(Available data)
[Start of Attachment]

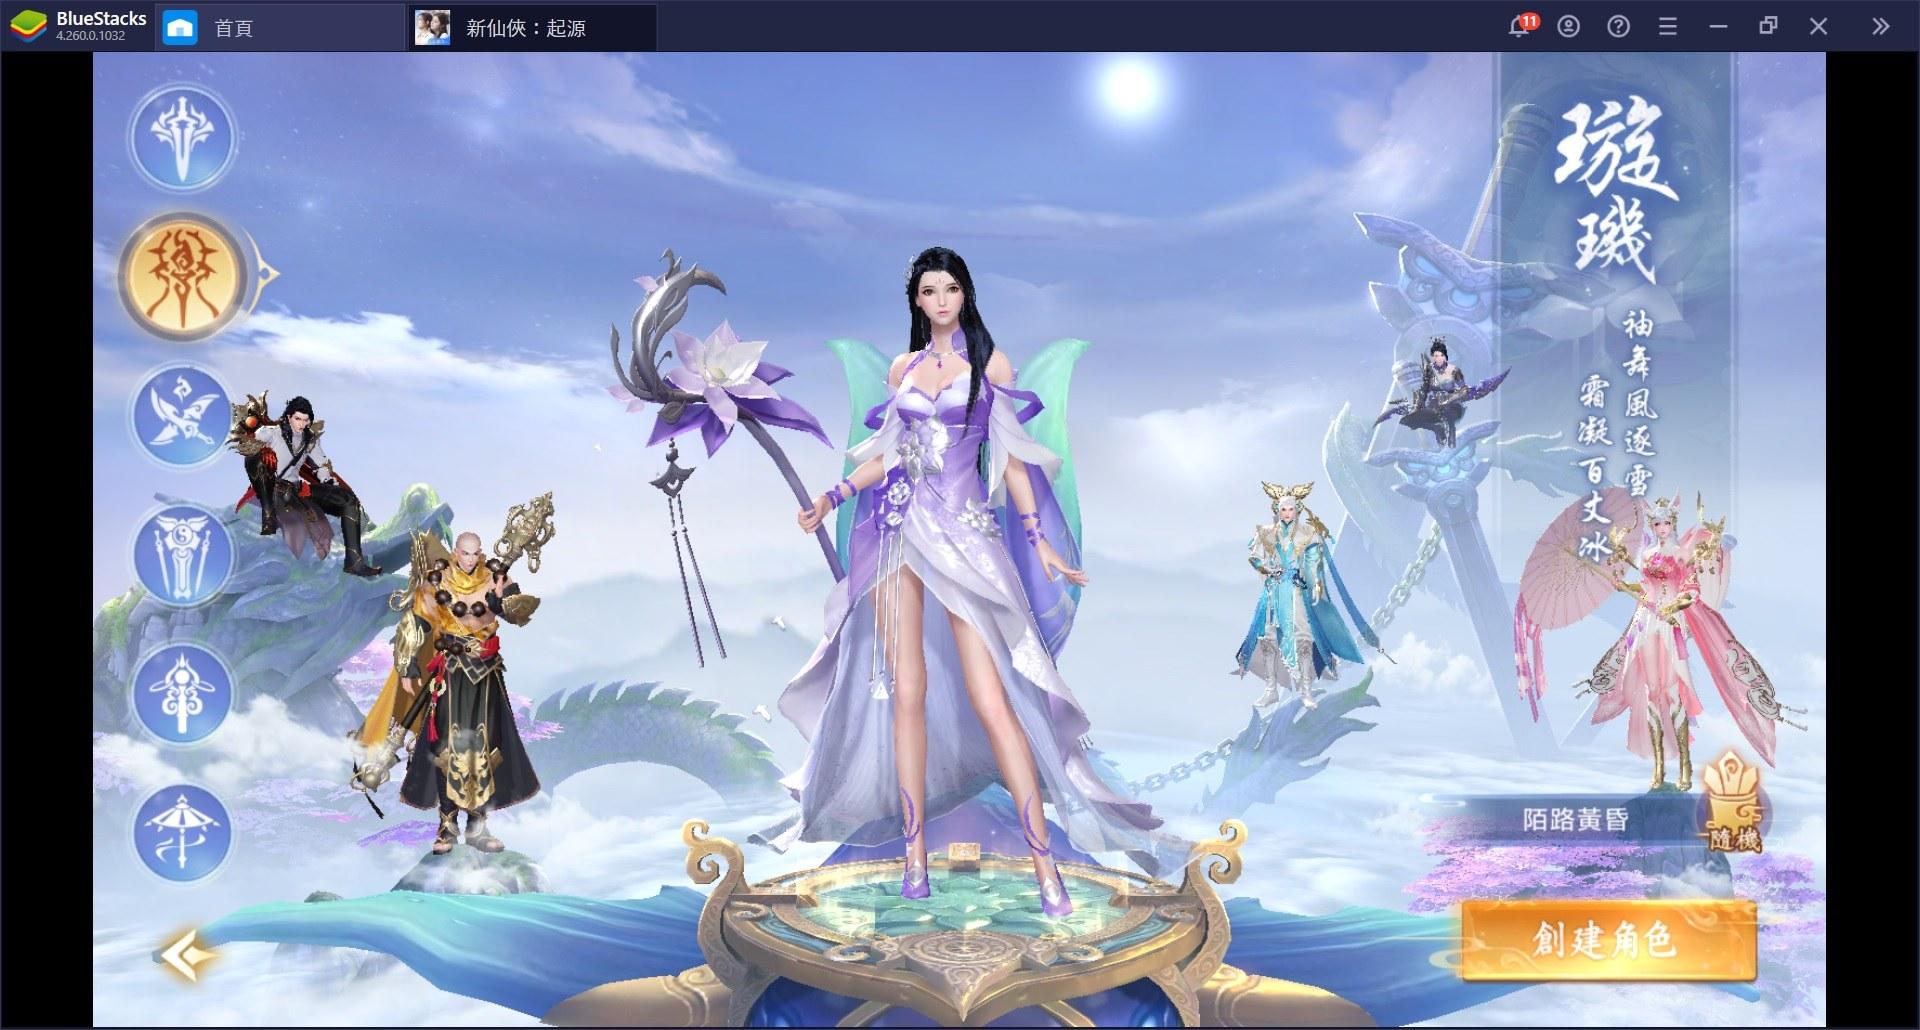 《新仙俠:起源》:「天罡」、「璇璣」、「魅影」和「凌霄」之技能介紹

[End of Attachment]
[Start of Attachment]

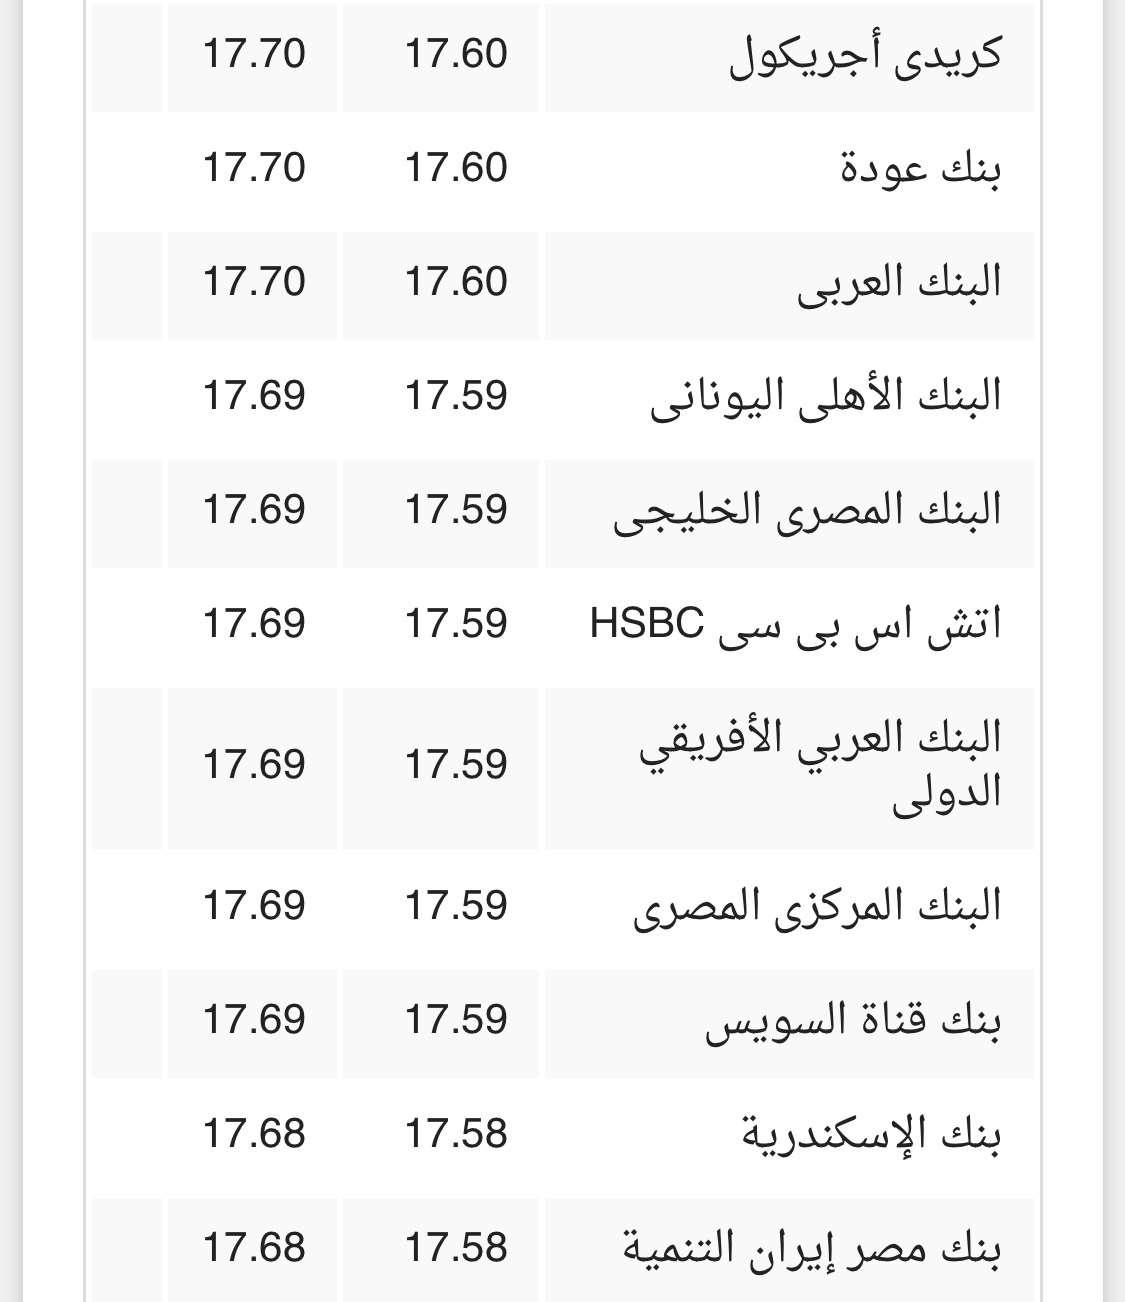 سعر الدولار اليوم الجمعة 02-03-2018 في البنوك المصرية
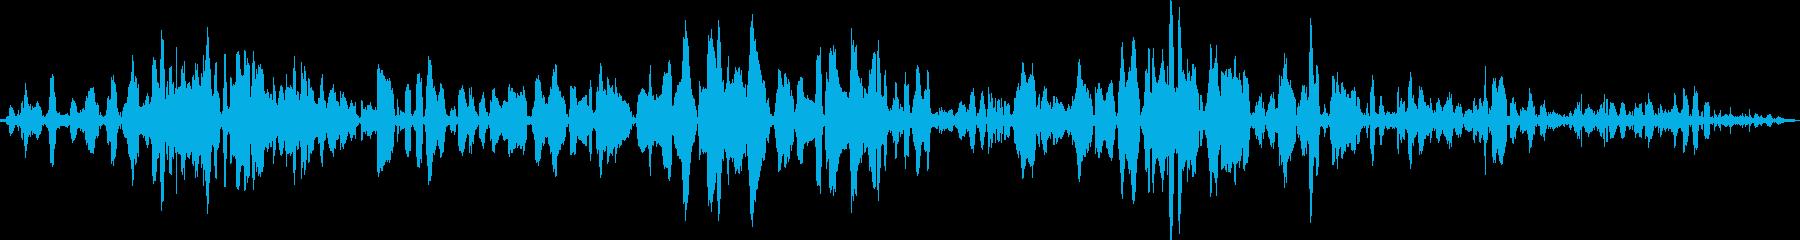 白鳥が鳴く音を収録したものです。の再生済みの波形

[End of Attachment]
[Start of Attachment]

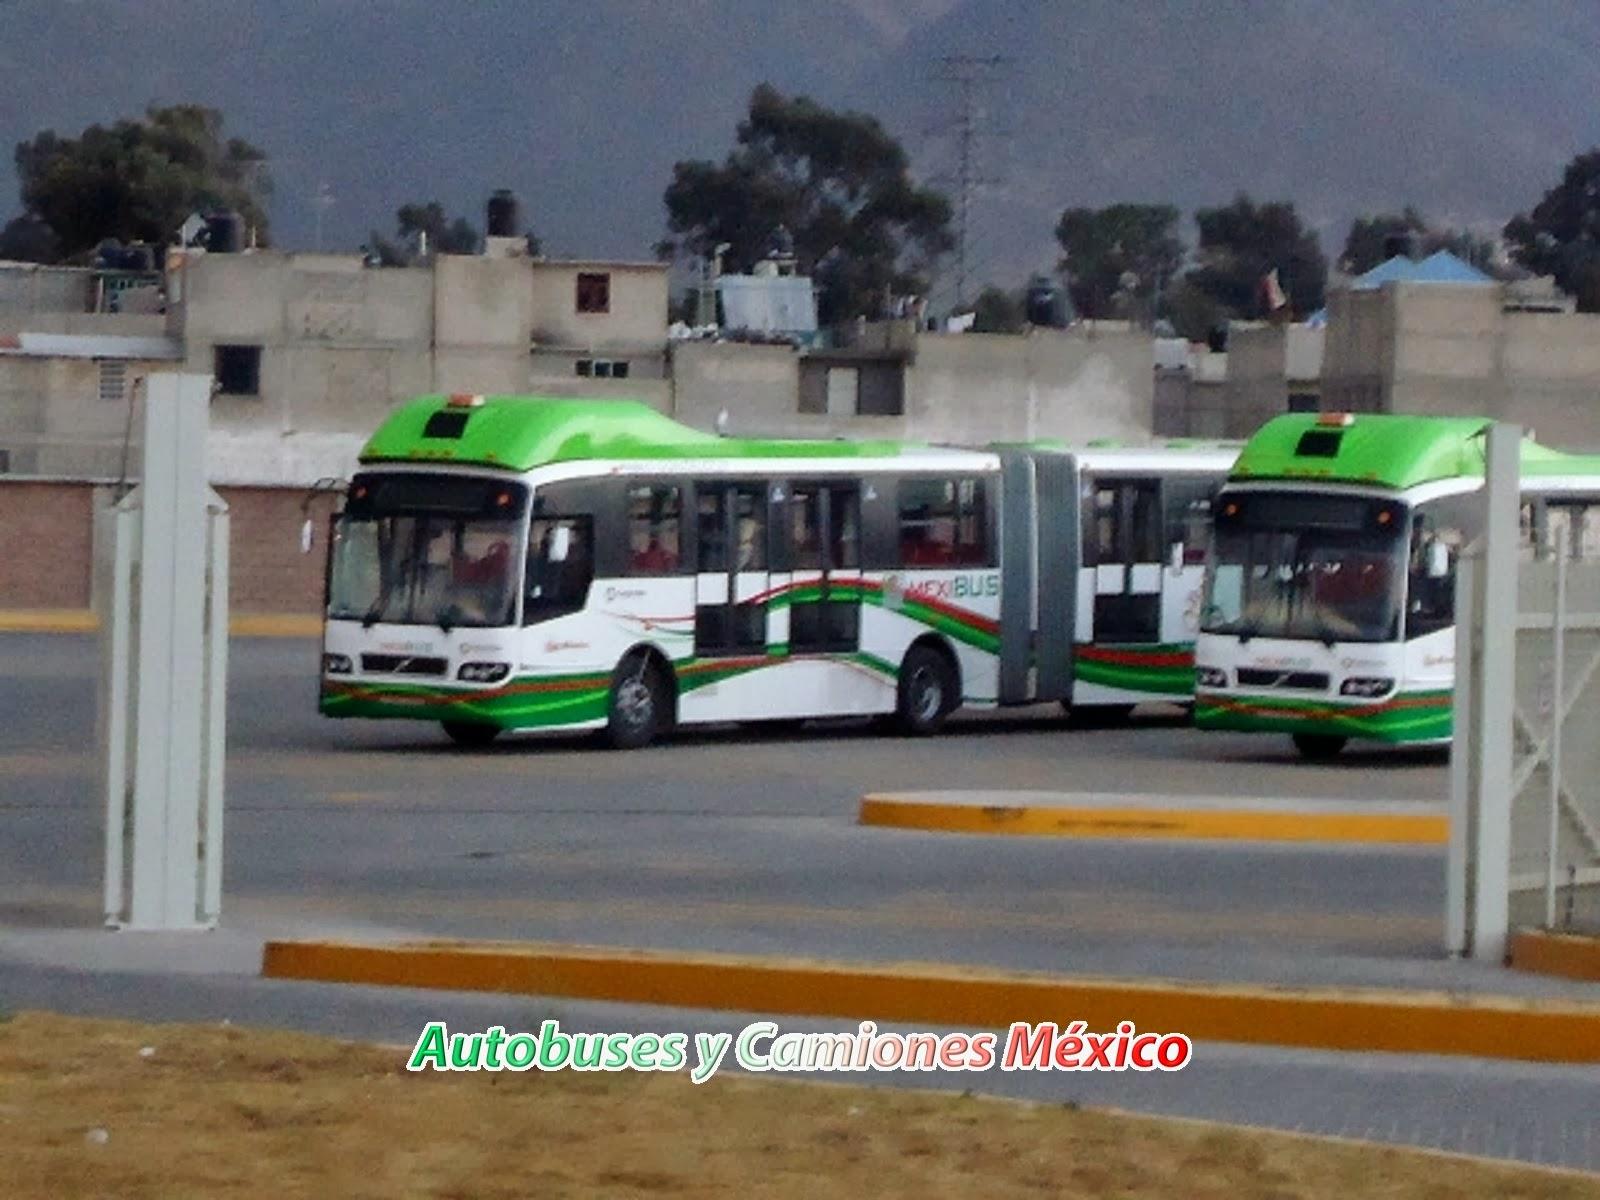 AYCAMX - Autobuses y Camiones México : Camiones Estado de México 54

[End of Attachment]

(What to do)
What belongs in the answer is each line above from the line with "سعر الدولار اليوم" to the line with "白鳥が鳴く音を収録したものです。の再生済みの波形", inclusive, reproduced exactly and free of pictures.

(Expected answer)
 سعر الدولار اليوم الجمعة 02-03-2018 في البنوك المصرية
 白鳥が鳴く音を収録したものです。の再生済みの波形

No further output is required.